[DATA SHOWN]

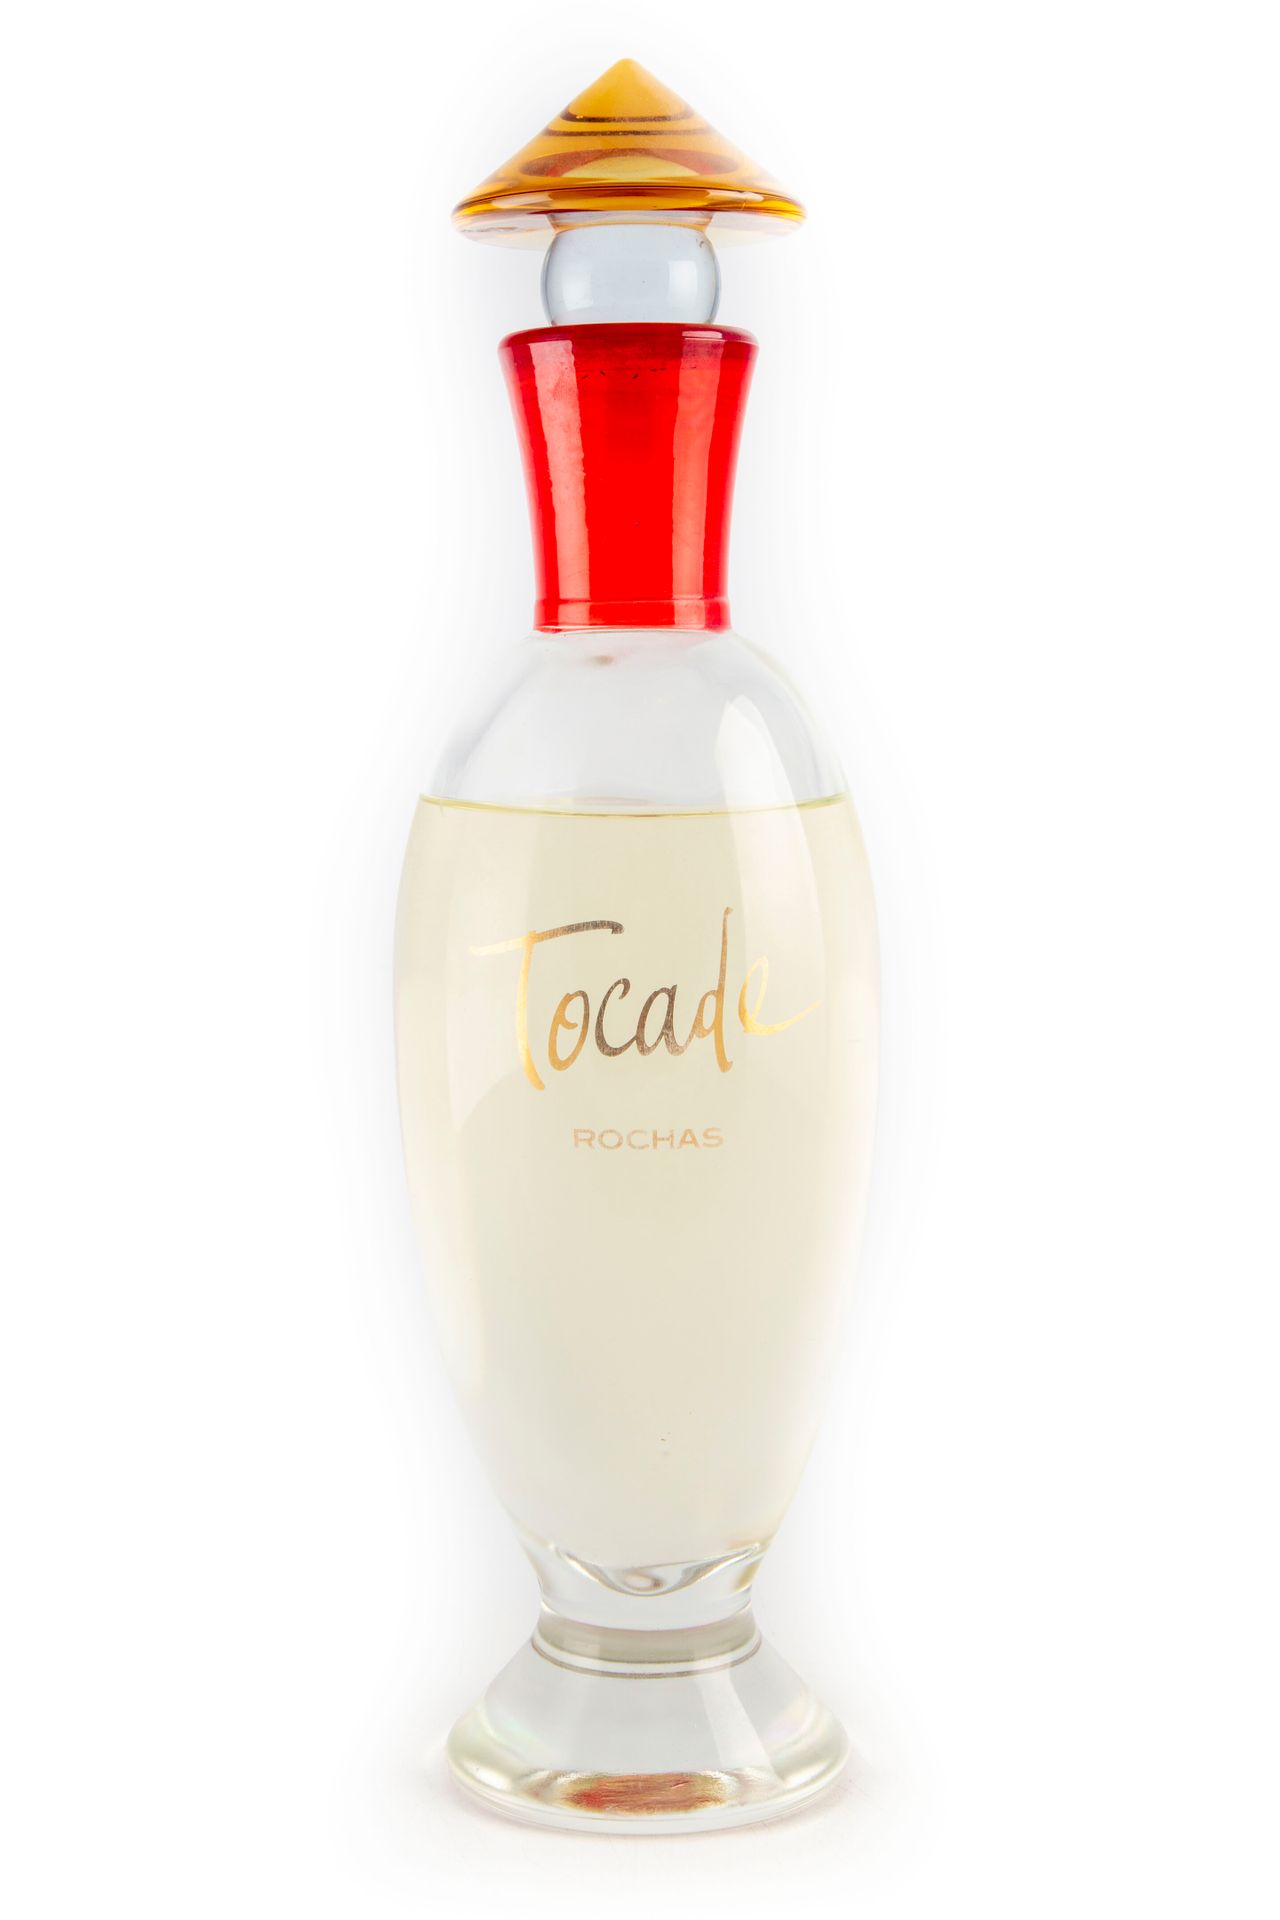 Null ROCHAS

Frasco de perfume "Tocade", falso

H. 41 cm

[ASSIGNMENT]
Only the pictures are to be left out; print everything else in the listing exactly.

[YOUR RESPONSE]
 Null ROCHAS

Frasco de perfume "Tocade", falso

H. 41 cm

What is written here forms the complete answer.